Check if a binary tree is balanced (Big-O)

Question

Check if a binary tree is balanced.

The source code on the CTCI 5th:

public class QuestionBrute {

public static int getHeight(TreeNode root) {
    if (root == null) {
        return 0;
    }
    return Math.max(getHeight(root.left), getHeight(root.right)) + 1;
}

public static boolean isBalanced(TreeNode root) {
    if (root == null) {
        return true;
    }
    int heightDiff = getHeight(root.left) - getHeight(root.right);
    if (Math.abs(heightDiff) > 1) {
        return false;
    }
    else {
        return isBalanced(root.left) && isBalanced(root.right);
    }
}

public static void main(String[] args) {
    // Create balanced tree
    int[] array = {1, 2, 3, 4, 5, 6, 7, 8, 9, 10};
    TreeNode root = TreeNode.createMinimalBST(array);
    System.out.println("Root? " + root.data);
    System.out.println("Is balanced? " + isBalanced(root));

    // Could be balanced, actually, but it's very unlikely...
    TreeNode unbalanced = new TreeNode(10);
    for (int i = 0; i < 10; i++) {
        unbalanced.insertInOrder(AssortedMethods.randomIntInRange(0, 100));
    }
    System.out.println("Root? " + unbalanced.data);
    System.out.println("Is balanced? " + isBalanced(unbalanced));
}
}

As the algorithm has to check the height of every node, and we don't save the height in each recursion, the running time should be O(N^2).

Answer 1

First of all let's fix a bit your code.
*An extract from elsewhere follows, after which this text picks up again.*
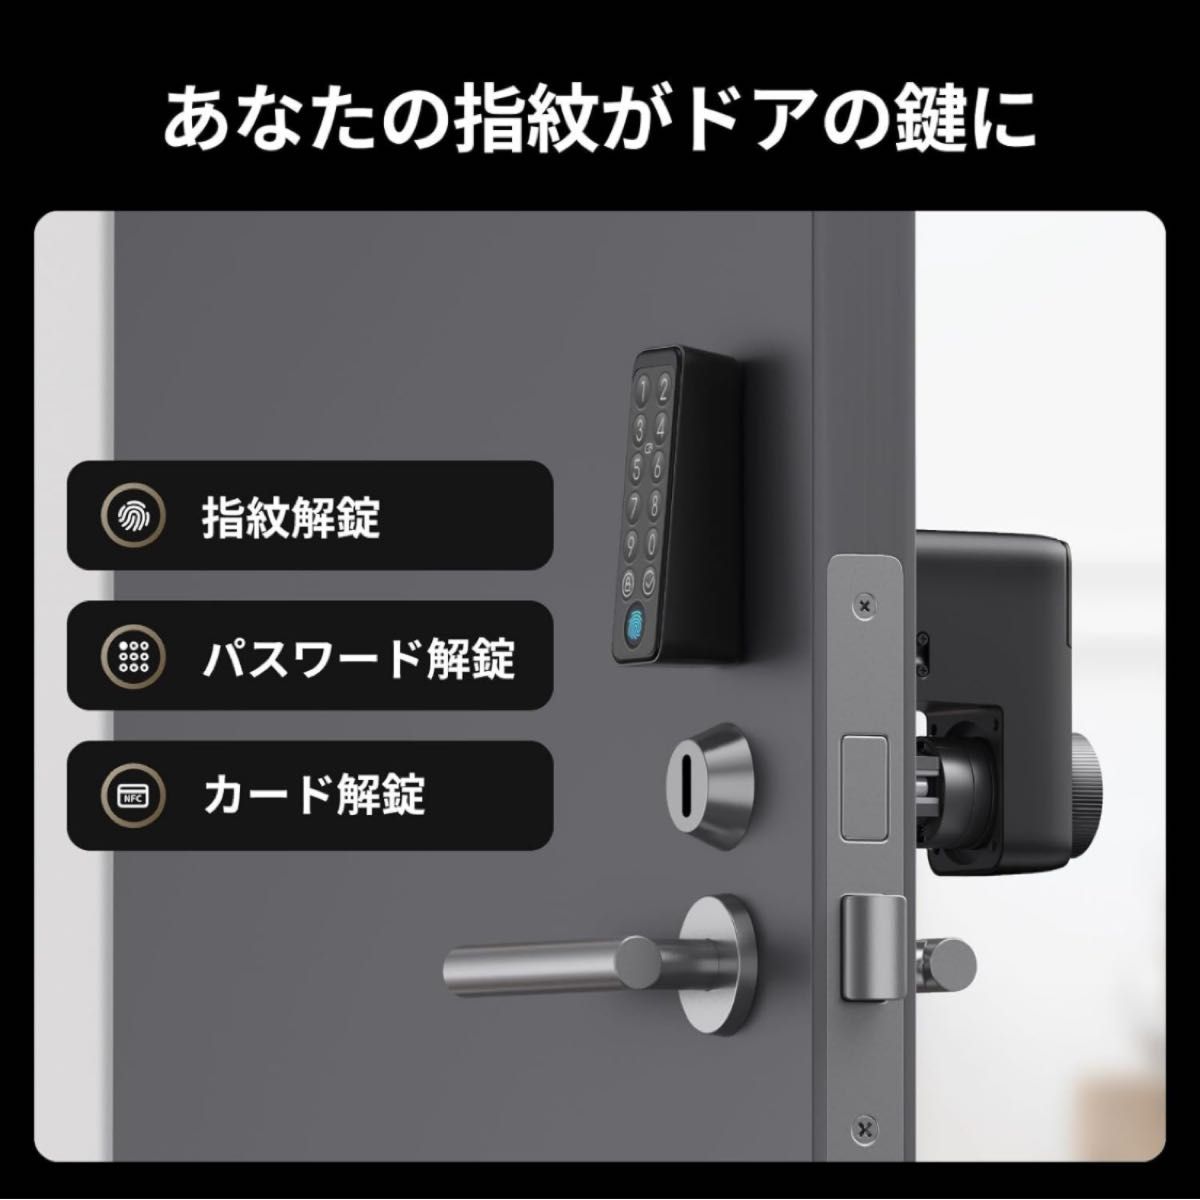 SwitchBot スマートロック プロ 指紋認証パッド 暗証番号 - スイッチボット 鍵 スマートキー オートロック ドアロック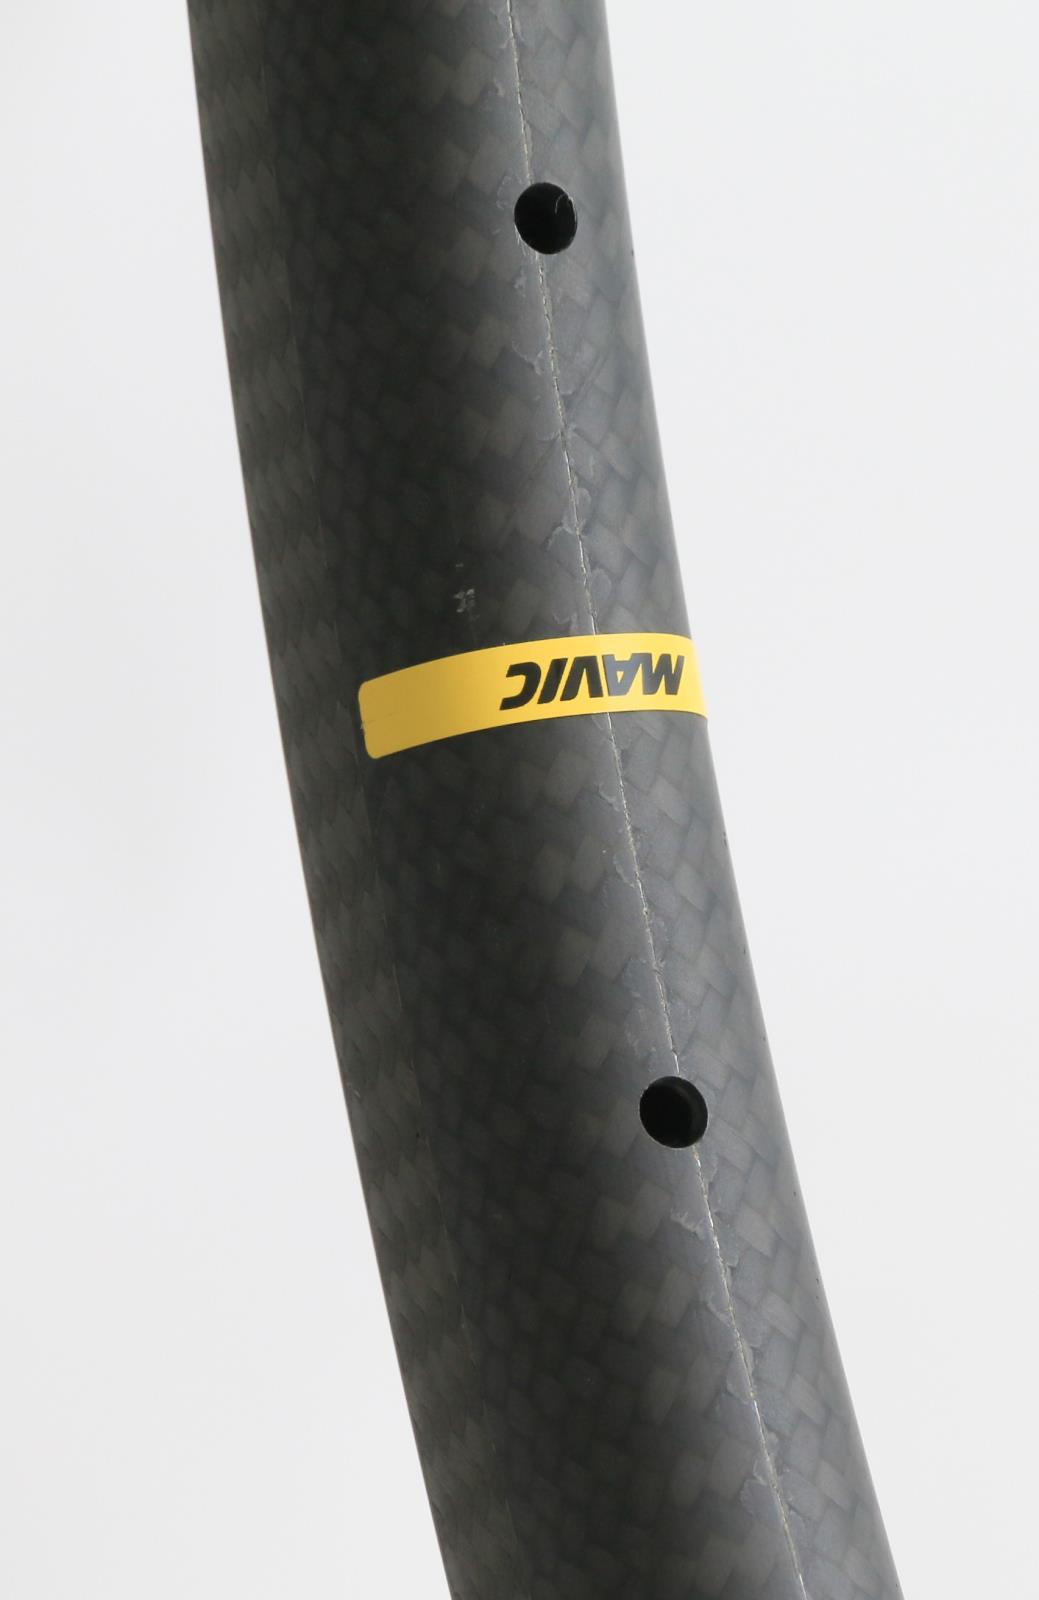 Mavic Open Pro 25 20 Hole Carbon Road Cyclocross Bike Rim UST Tubeless Disc NEW

Your function to check if the root is balanced will not work simply because a binary tree is balanced if:

maxHeight(root) - minHeight(root) <= 1

I quote Wikipedia: "A balanced binary tree is commonly defined as a binary tree in which the depth of the two subtrees of every node differ by 1 or less"

Your algorithm will give the wrong answer for this tree:

When you call getHeight(Node7) it will return 3, and when you call getHeight(Node5) it will return 3 as well and since (0>1) == false you will return true :(

To fix this all you have to do is to implement the int MinHeight(TreeNode node) the same way you did getHeight() but with Math.min()

Now to your answer. In terms of runtime complexity whenever you call the getHeight() function from the root you are doing a DFS and since you have to visit all the nodes to find the height of the tree this algorithm will be O(N). Now it is true you execute this algorithm twice, when you call maxHeight(root) and minHeight(root) but since they are both O(N) (given that they do exactly what getHeight() does) the overall complexity will have C*N as an upper limit for some constant C and all N bigger than some N knot i.e. O(N) where N is the number of nodes of your tree ;)

Cheers!